使用spark1.2 的 standalone 模式運行使用breeze的任務,報如下警告:
15/07/28 02:49:32 WARN netlib.BLAS: Failed to load implementation from: com.github.fommil.netlib.NativeSystemBLAS
15/07/28 02:49:32 WARN netlib.BLAS: Failed to load implementation from: com.github.fommil.netlib.NativeRefBLAS
由官網,spark1.2 有:
MLlib uses the linear algebra package Breeze,
which depends on netlib-java,
and jblas. netlib-java
and jblas
depend
on native Fortran routines. You need to install the gfortran
runtime library if it is not already present on your nodes. MLlib will throw a linking error if it cannot detect
these libraries automatically. Due to license issues, we do not include netlib-java
’s
native libraries in MLlib’s dependency set under default settings. If no native library is available at runtime, you will see a warning message. To use native libraries from netlib-java
,
please build Spark with -Pnetlib-lgpl
or
include com.github.fommil.netlib:all:1.1.2
as
a dependency of your project. If you want to use optimized BLAS/LAPACK libraries such as OpenBLAS,
please link its shared libraries to /usr/lib/libblas.so.3
and /usr/lib/liblapack.so.3
,
respectively. BLAS/LAPACK libraries on worker nodes should be built without multithreading.
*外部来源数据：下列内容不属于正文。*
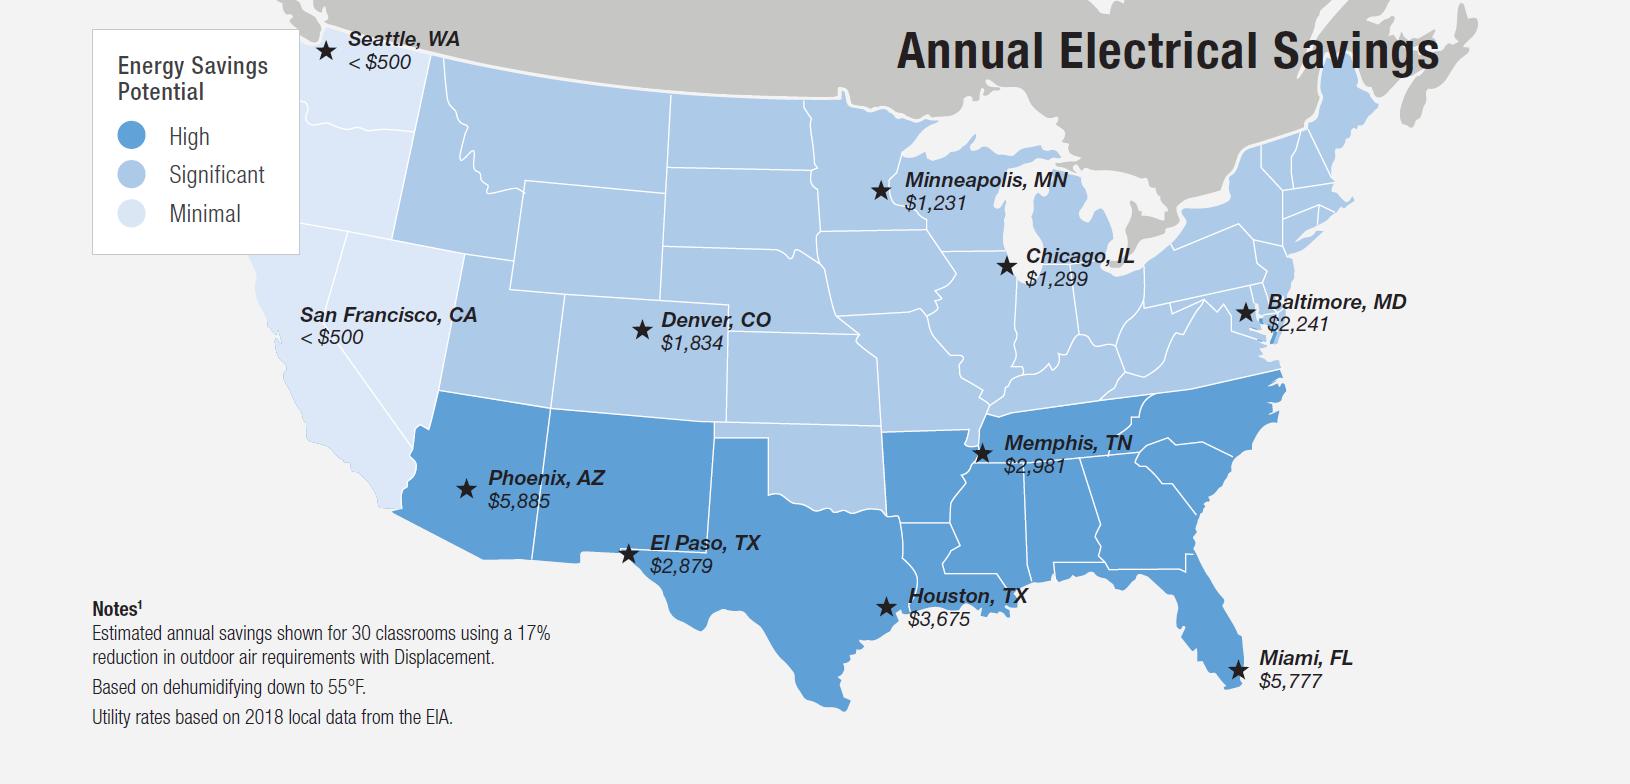 annual electrical savings

簡單說:就是官方發佈版本的spark1.2編譯時未添加 com.github.fommil.netlib 依賴,要想使用需要手動添加該依賴,重新編譯。
但是,在spark1.3及以上版本中修復了這個問題,不再需要添加該依賴在重新編譯這麼麻煩。
由官網,spark1.3 有:
MLlib
uses the linear algebra package Breeze,
which depends on netlib-java for
optimised numerical processing. If natives are not available at runtime, you will see a warning message and a pure JVM implementation will be used instead.
在1.3裏,允許自己配置依賴並編譯。對於沒有提供實現的,spark1.3使用一個基於jvm的Java實現代替需要的基礎依賴。